ガザ地区は、2007年からイスラエルによって陸海空を封鎖されており、周囲を壁やフェンスで囲まれ、「天井のない監獄」と呼ばれています。また、種子島と同じほどの面積に約200万人が暮らす、世界で最も人口密度が高い地域のひとつです。人口の半数以上が難民であり、3分の1の人々が極度の貧困状態にあります。
ヨルダン川西岸地区にはイスラエルの入植地が存在します。占領地に入植地を建設することは国際法では違反とされています。近年増加していく入植者たちによる暴力行為―ブルドーザーや爆弾で民家を破壊、オリーブなどの農作物を荒らし、金品を奪い、民間人を暴行する―。日常の一部となったこのような状況に、人々は強いストレスを受けています。

このプロジェクトを支援する

*世界の医療団へのご寄付では、所得控除または税額控除の寄付金控除が受けられます。
*世界の医療団は、受け取った寄附金を特定の支援プロジェクトのみに充てることなく、
頂戴した寄附の総額を支援活動全体に分配することを原則としています。


ひっ迫する医療


ガザ地区内では医療施設、救急車などが攻撃の対象となり、十分に機能していません。

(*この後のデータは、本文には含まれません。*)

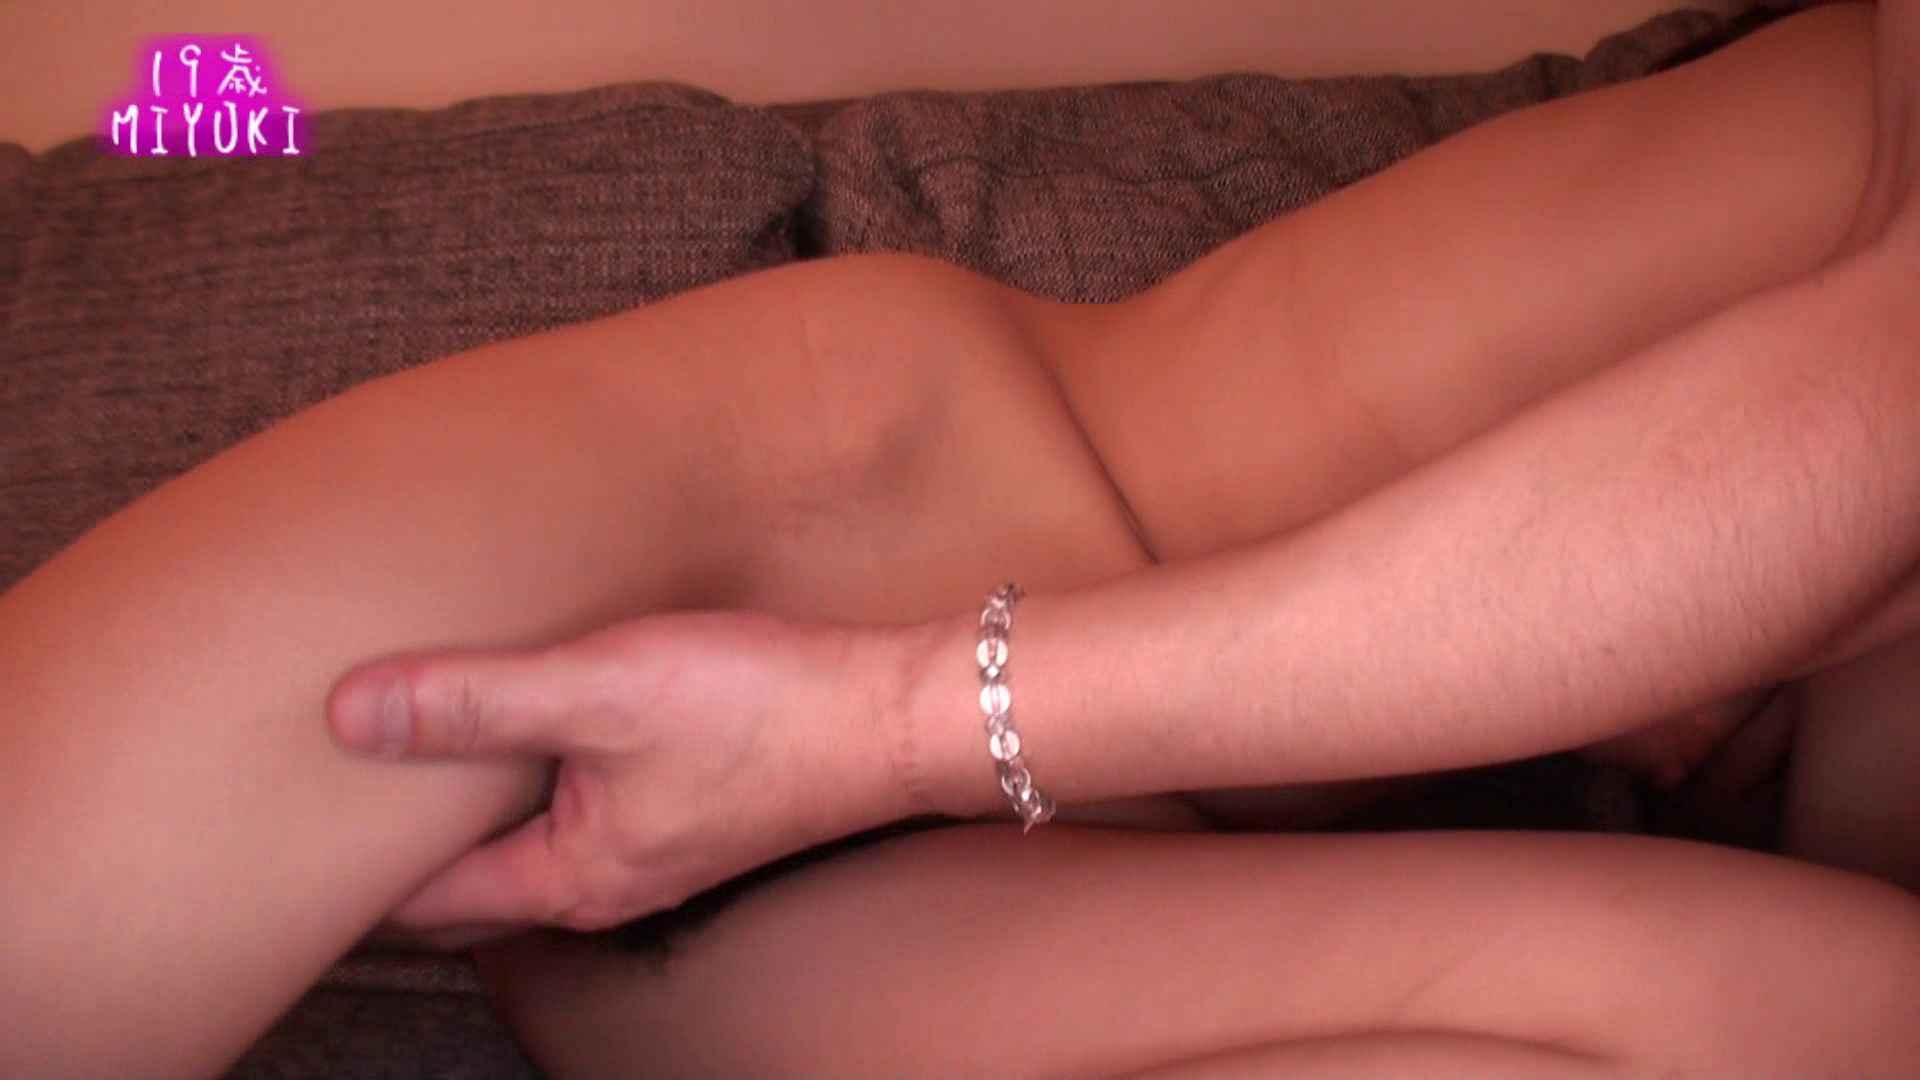 19歳MIYUKIちゃんのフェラ気持ち良さそうです 素人達のヌード   フェラ  90連発 22

専門的な知識を持つ医療従事者は少なく、封鎖によって必要な医薬品や医療機器も足りません。頻発する停電によって医療機器が使えなくなることもしばしばです。稼働している医療施設には患者が絶えることなく訪れ、緊急を要さない手術を受けるには、平均して16ヶ月も待たなければいけません。疾患を抱えている人のなかには、ガザでは受けられない治療を必要としている人もいますが、外国で治療を受ける人に与えられる出国許可の件数は徐々に減少。2018年には、52人が出国を待っている間に死亡しました。新型コロナウイルスの流行によって規制はさらに厳しくなり、現在は緊急のケースの一部しかガザ地区から出ることが許可されていません。


こころのケアの空白


緊迫した状態が絶えず続くなかで、こころの安定を保つことは非常に困難です。人々は不安や睡眠障害を抱えていたり、子どもは幼児退行、学業の遅れや社会的スキルの発達に影響がみられたりします。ある地域を対象に行った調査※によると、性別や世代を問わず、多くの人々に集中力の低下、フラッシュバック、記憶喪失を含む認知障害といった症状が見られました。しかし、このような不調がある人のうち、こころのケアを受けた人は約30パーセントしかいませんでした。自分の感情を話すことへの羞恥心を持つ人が多いこと、また、膨大なニーズがあるのにも関わらず、こころのケアを提供できる医療体制が整っていないことがアクセスを阻む原因です。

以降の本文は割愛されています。